Quante volte, per andare a scuola, all’università o al lavoro ci siamo dovuti sorbire ore e ore stipati in treni e pullman stracolmi, spesso poco puliti e ancora meno sicuri?
Se è vero che non è certo un bel modo per iniziare o per chiudere una giornata, lo stress che si “guadagna” a fare i pendolari non è risarcibile: a stabilirlo la Corte di Cassazione con una sentenza destinata a far storia.
Tutto era partito dalla richiesta di risarcimento per danno esistenziale avanzata da un professionista che tutti i giorni viaggia da Piacenza a Milano in balia di “ritardi sistematici, sporcizia e affollamento”.

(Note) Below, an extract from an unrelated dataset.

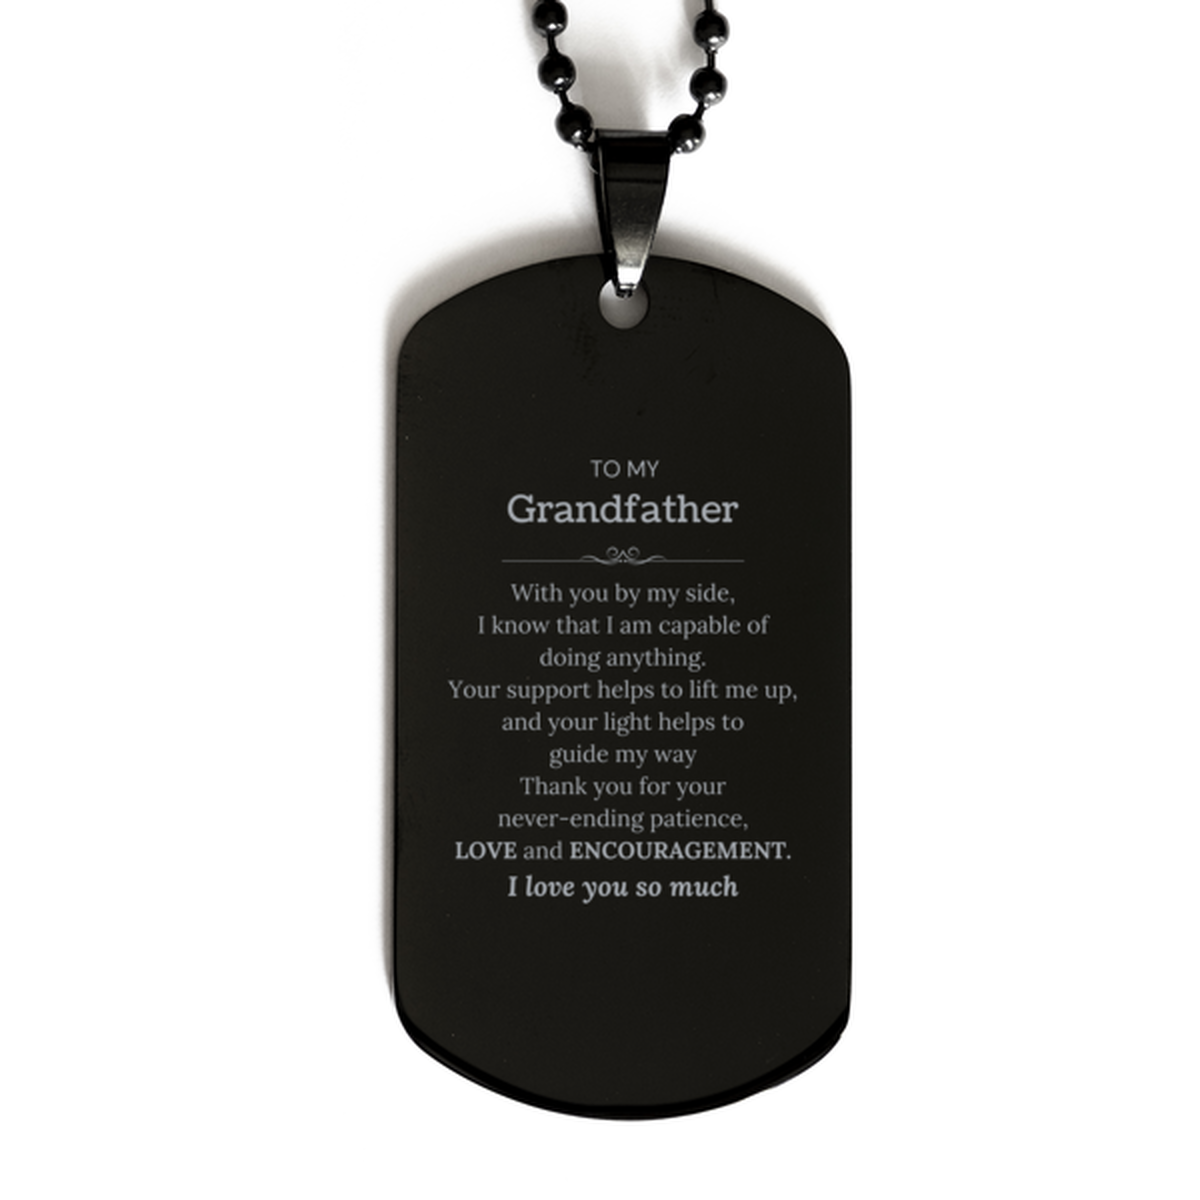 Appreciation Grandfather Black Dog Tag Gifts, To My Grandfather Birthday Christmas Wedding Keepsake Gifts for Grandfather With you by my side, I know that I am capable of doing anything. I love you so much

La Cassazione ha stabilito che per ottenere il risarcimento per lo stress dei viaggi da incubo non basta aver viaggiato in piedi su treni gelati d’inverno e torridi d’estate, in ritardo sette mesi su sette, con bagni sporchi e mai un posto a sedere libero, in palese violazione degli standard di “comfort del viaggio” siglati con le Regioni.
I giudici hanno riconosciuto i disservizi che l’uomo è costretto ad affrontare ogni giorni, ma per loro bisogna comunque provare l’effetto di questi disservizi sul piano personale, tenendo presente che serve “un grado minimo di tolleranza”.